Maggiore Giuseppe, Socie Gérard, Sciveres Marco, Roque-Afonso Anne-Marie, Nastasio Silvia, Johanet Catherine, Gottrand Fréderic, Fournier-Favre Sébastien, Jacquemin Emmanuel, Bernard Olivier

机构信息

Dipartimento di Medicina Clinica e Sperimentale, Università di Pisa, Gastroenterologia Pediatrica, Azienda Ospedaliera Universitaria Pisana, Pisa, Italy; Epatologia Pediatrica e Trapianto di fegato, ISMETT, University of Pittsburgh Medical Center, Palermo, Italy.
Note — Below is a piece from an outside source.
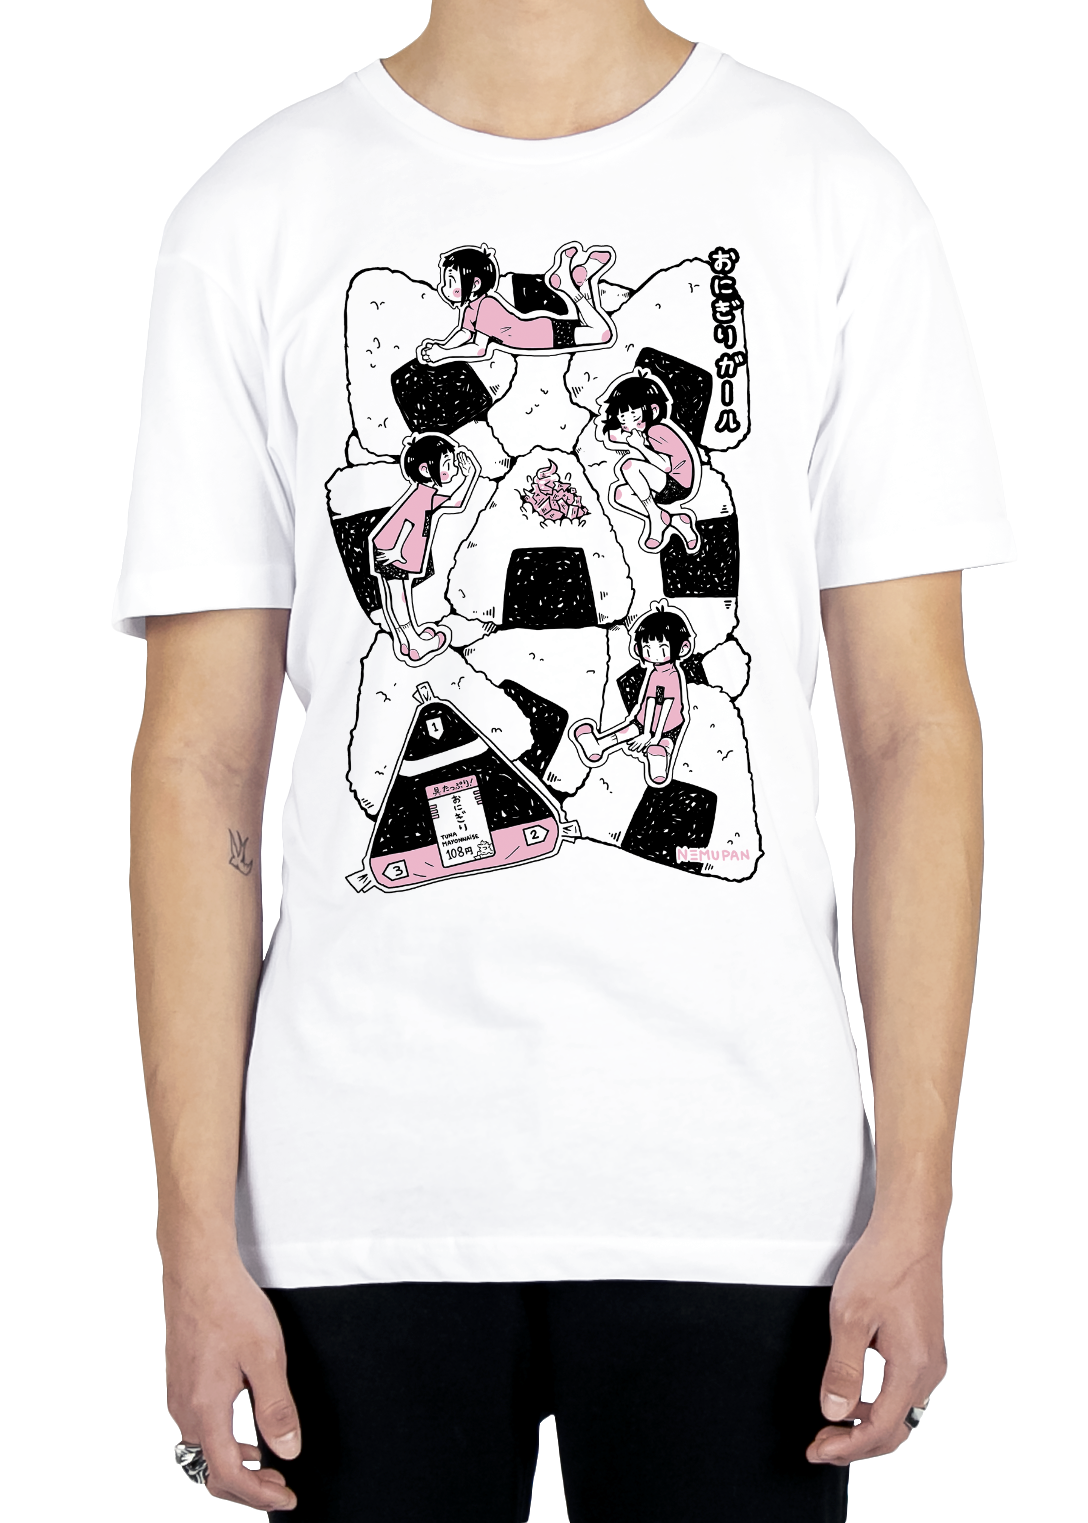 Experience Aesthetic and Vaporwave fashion with Vapor95's Graphic Tees |  Always Cute Tee

Hématologie/Greffe de Moelle, INSERM U 1160 AP-HP, Université Paris VII, Hôpital Saint Louis, Paris, France.

出版信息

Dig Liver Dis. 2016 Jul;48(7):785-91. doi: 10.1016/j.dld.2016.03.015. Epub 2016 Mar 28.

Abstract

BACKGROUND

A few children with acute or chronic liver disease display histological features compatible with autoimmune hepatitis, but lack specific serological markers.

AIM

To describe features, management and outcome of childhood seronegative autoimmune hepatitis.

METHODS

From 1988 to 2010, 38 children were included under the following criteria: negative virological studies, no serum autoantibodies, exclusion of other causes of liver diseases, and liver histology compatible with autoimmune hepatitis.

RESULTS

Four groups were identified: (1) 12 with increased serum gamma globulin concentrations; (2) 10 with normal or low serum gamma globulins and no combined blood disease; (3) 10 with combined aplastic anemia; and (4) 6 with peripheral thrombocytopenia with/without neutropenia. Immunosuppressive treatment was associated with aminotransferases normalization in all but one child who required liver transplantation. Relapses occurred in 10 children. Lymphocytopenia was found at the time of the diagnosis of hepatitis in 13 children, 12 in groups 3 or 4. All 38 children are alive after 4-17 years, 18 still under immunosuppression.

CONCLUSIONS

Childhood seronegative autoimmune hepatitis includes a spectrum of disorders. Early liver histology is recommended and, if compatible with autoimmune hepatitis, immunosuppressive treatment should be started. Initial lymphocytopenia may indicate future hematological complication.

摘要

背景

一些患有急性或慢性肝病的儿童表现出与自身免疫性肝炎相符的组织学特征,但缺乏特异性血清学标志物。

目的

描述儿童血清阴性自身免疫性肝炎的特征、治疗及预后。

方法

1988年至2010年,纳入38名儿童,符合以下标准:病毒学研究阴性、无血清自身抗体、排除其他肝病病因且肝脏组织学与自身免疫性肝炎相符。

结果

分为四组:(1)12名血清γ球蛋白浓度升高;(2)10名血清γ球蛋白正常或降低且无合并血液系统疾病;(3)10名合并再生障碍性贫血;(4)6名伴有外周血小板减少伴或不伴中性粒细胞减少。除1名需要肝移植的儿童外,免疫抑制治疗均使转氨酶恢复正常。10名儿童复发。13名儿童在肝炎诊断时发现淋巴细胞减少,其中12名在第3组或第4组。38名儿童在4至17年后均存活,18名仍在接受免疫抑制治疗。

结论

儿童血清阴性自身免疫性肝炎包括一系列疾病。建议早期进行肝脏组织学检查,若与自身免疫性肝炎相符,应开始免疫抑制治疗。初始淋巴细胞减少可能预示未来的血液学并发症。